Formada em Direito, entrou para o TRT, em 2003, e foi lotada na Vara de Cachoeiro de Itapemirim. Em 2007, conseguiu transferência para a Vara de Venda Nova do Imigrante. “Era encantada pela região”, conta a capixaba nascida em Vila Velha.  Na Vara, tem um mobiliário adaptado. Ela faz questão de registrar sua gratidão ao diretor Vitório, ao juiz Paulo Politano e a todos os colegas, pelo acolhimento, e à Administração, pelas boas condições de trabalho.

Sua casa tem pouquíssimas adaptações. Ela mede 1,35 m e consegue fazer praticamente todas as tarefas domésticas sozinha. Vez por outra, precisa da ajuda do marido  para pegar algo no congelador, por exemplo. Estão casados há seis anos. Marcelo era viúvo e entrou na sua vida trazendo duas meninas.
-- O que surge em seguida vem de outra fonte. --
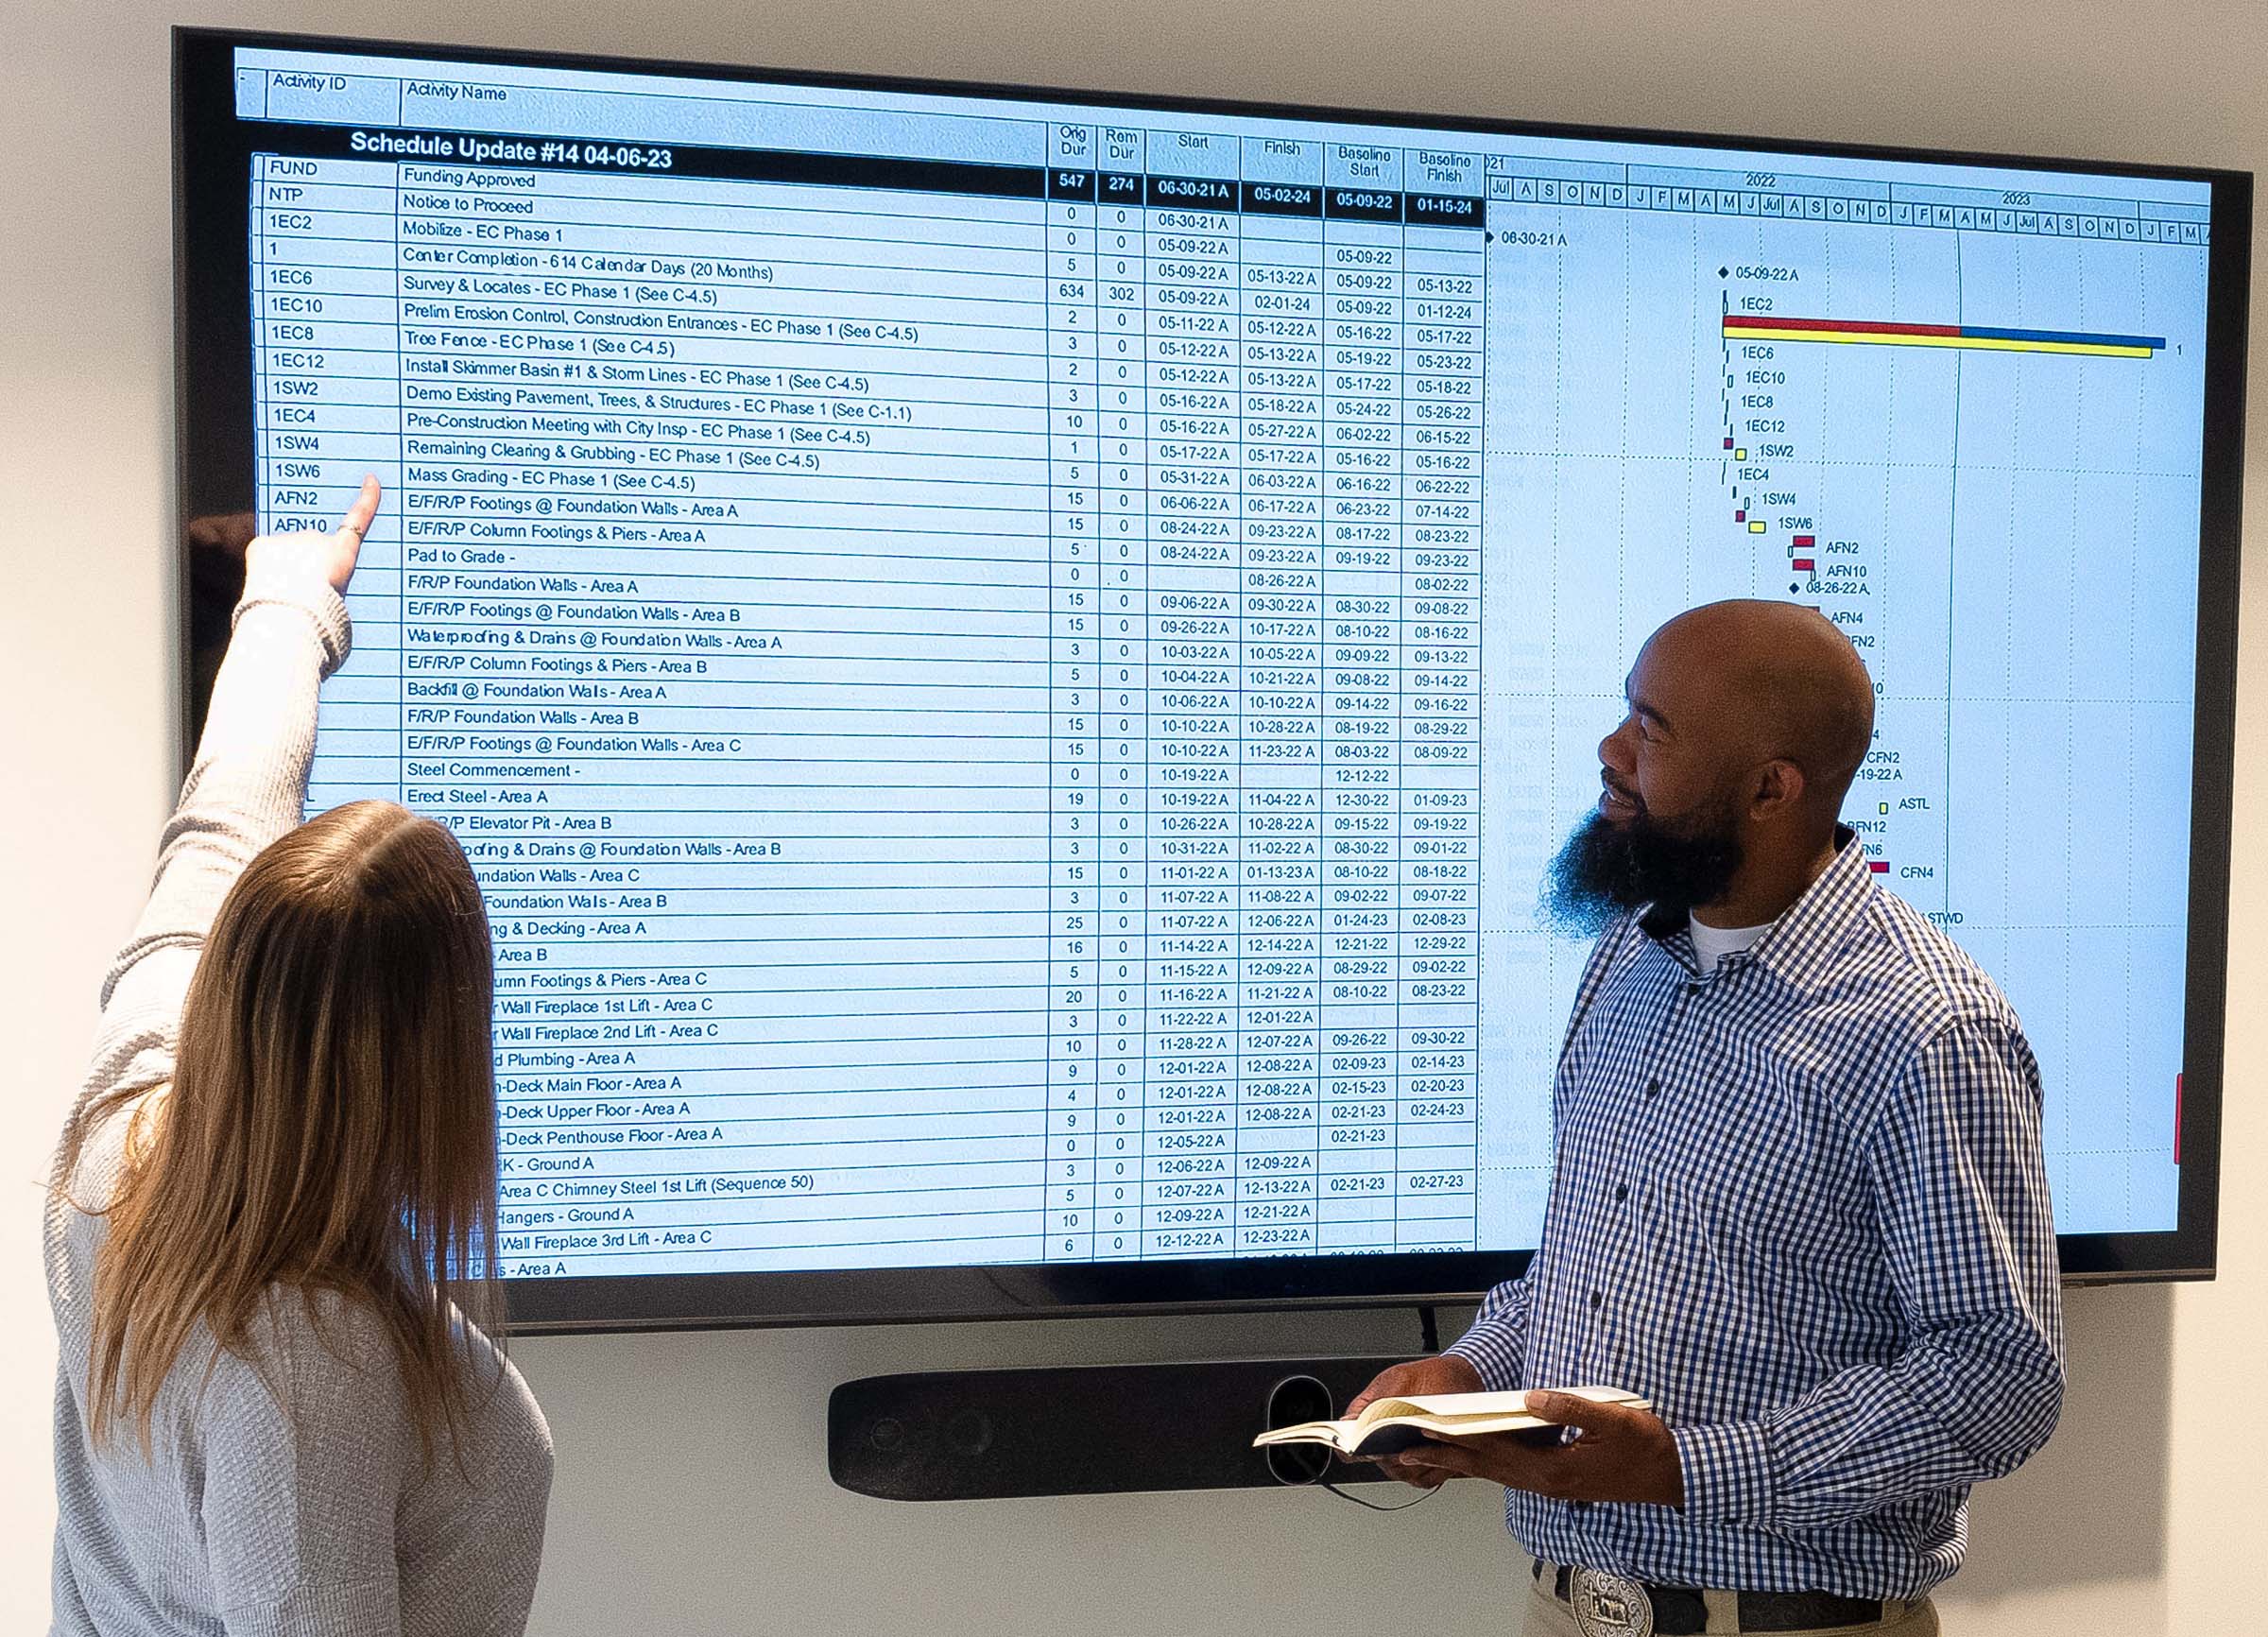 Blum Construction's Pre-Construction Team stands in front of a digital display board, preparing for a large building project in North Carolina.
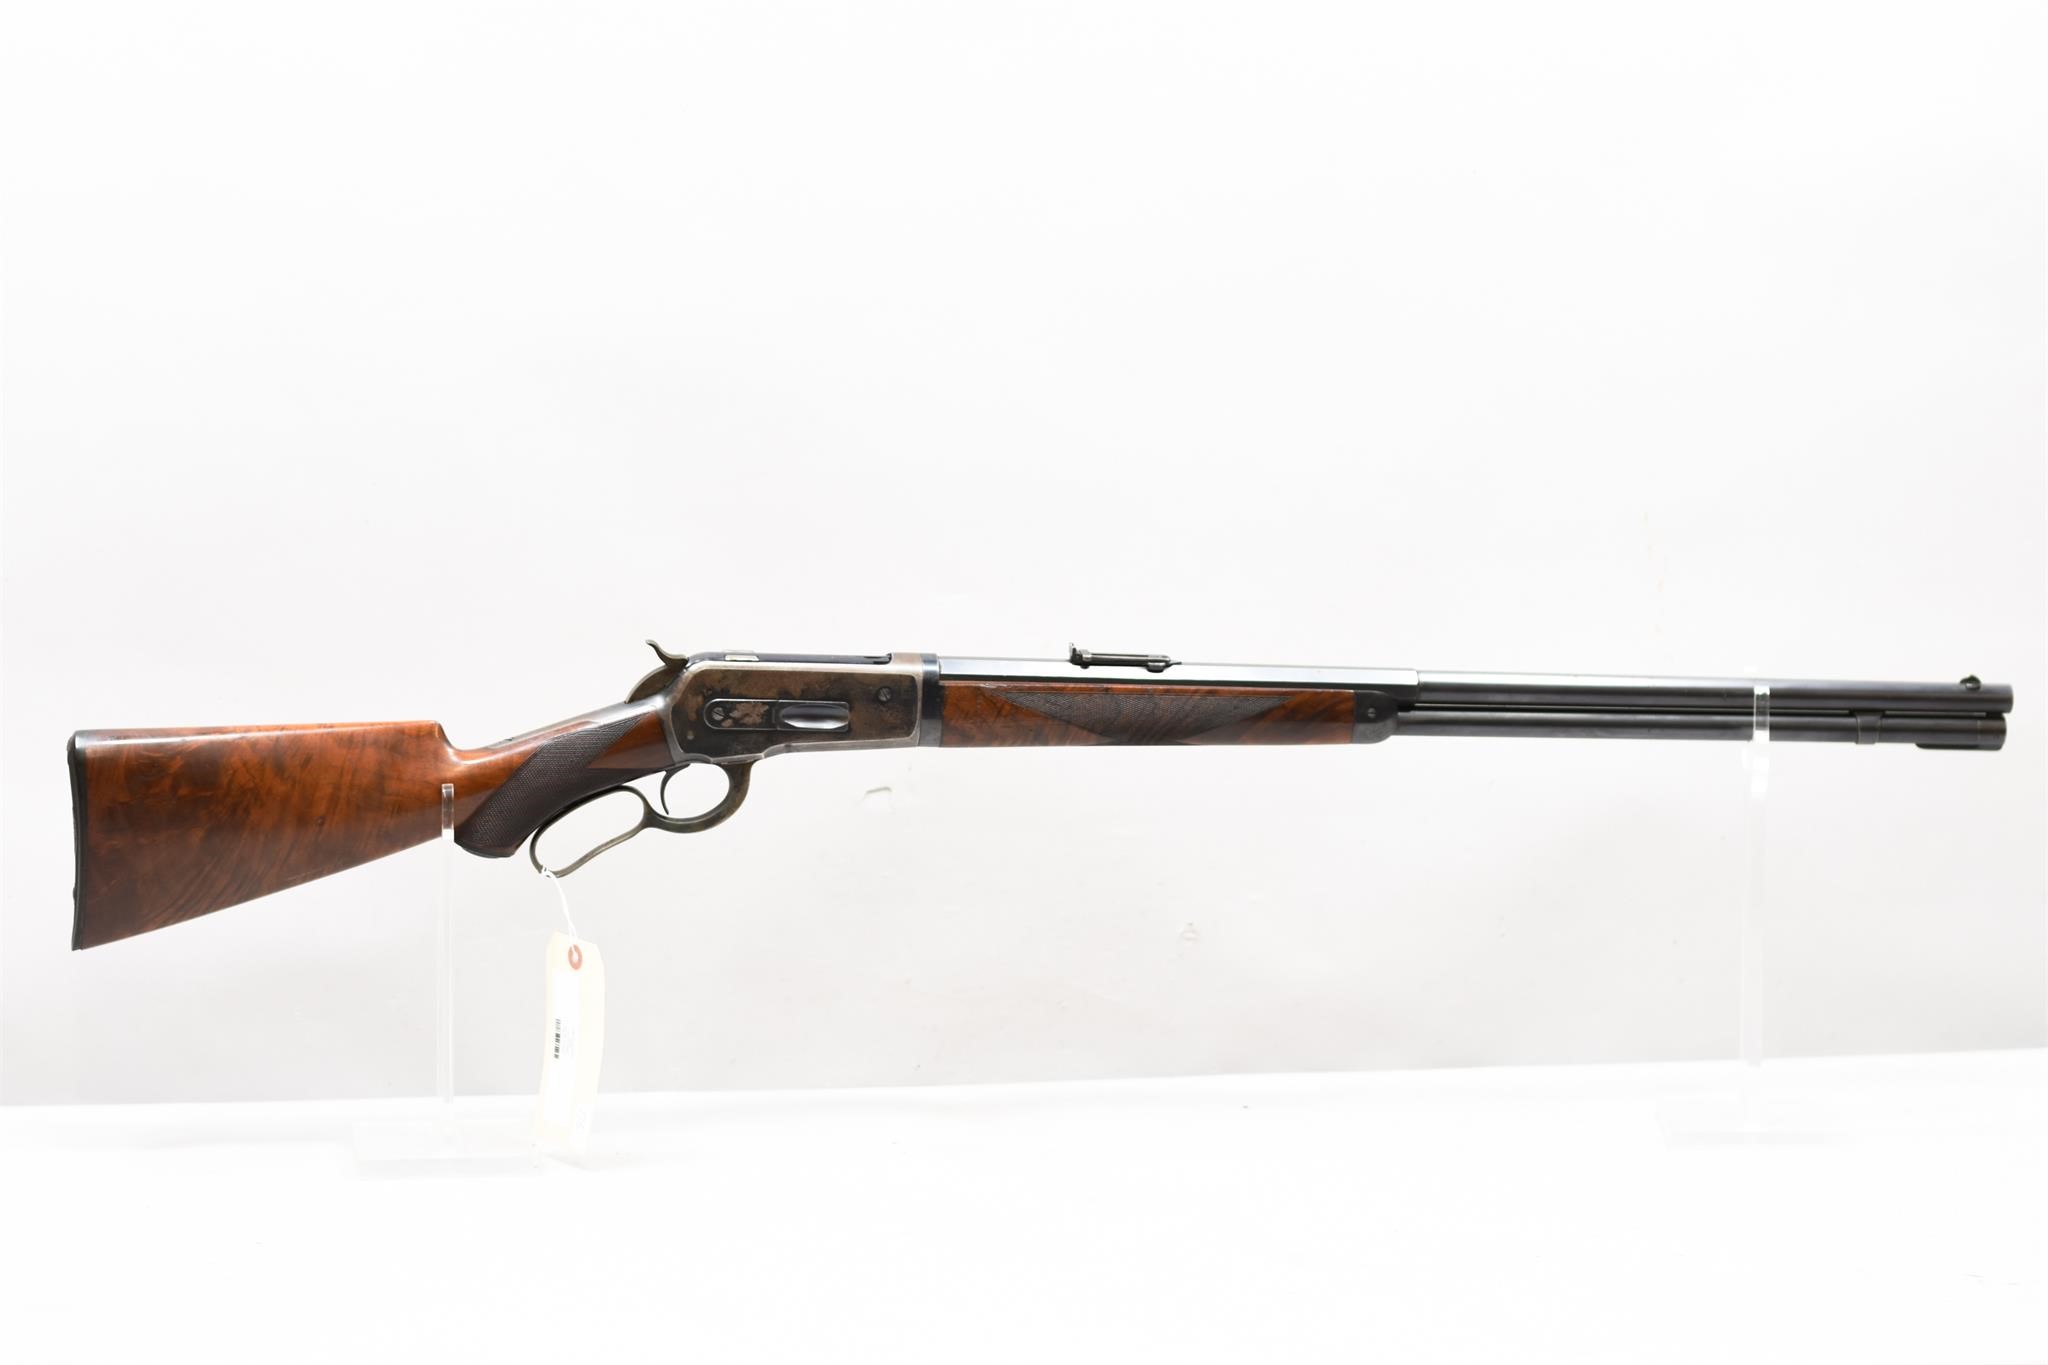 6/19/2021 Firearms & Sporting Goods Auction

Karla também já era mãe de Sofia de outro relacionamento. “Eu adotei as meninas, e elas me adotaram.”, resume. Com Marcelo, teve Otávio, hoje, com 5 anos.

“A deficiência me escolheu duas vezes”, afirma a colega ao nos contar sobre o filho. “Quando resolvi ser mãe, fui a um geneticista, fiz vários exames, tinha medo de ter um filho com a minha síndrome. A hipótese foi descartada, e aí Otávio nasceu com Down, que pode acontecer com qualquer um, não há relação.”

Cuida  do menino com o exemplo de sua própria criação: determinada a inseri-lo totalmente na sociedade. Para isso, não mede esforços.  A programação com ele é intensa. As semanas começam com uma viagem a Pedra Azul, onde o filhote faz equoterapia, um tipo de atividade com cavalos para estimular o desenvolvimento da mente e do corpo. Nos outros dias, há musicoterapia, fonoaudiologia, fisioterapia, enfim, seu tempo é tão ocupado que seu “sonho de consumo” é assistir a dois episódios seguidos de uma série preferida, mas não consegue, sempre há algo a fazer. Afinal, são quatro filhos, Sofia, Mayara, Maiane e Otávio, um gato, um cachorro. E ela não descuida nem da horta e nem do jardim da casa.

Membro do Conselho Municipal da Pessoa com Deficiência, a colega luta por uma sociedade mais igualitária, que pare de olhar para o deficiente como um incapaz porque não está dentro de um padrão. “Isso vale para todo tipo de preconceito”, pontua.

“Eu sou bem resolvida”, revela. “Aprendi a me blindar de olhares preconceituosos. A única pessoa que pode me fazer infeliz sou eu mesma, se meu olhar me condenar. E eu nasci para ser feliz.”

Conversar com Karla é uma prazerosa lição de vida, mas é também confirmar o quanto há por fazer para que sejamos uma sociedade mais igualitária, mais eficiente. Essa missão deve ser de todos nós.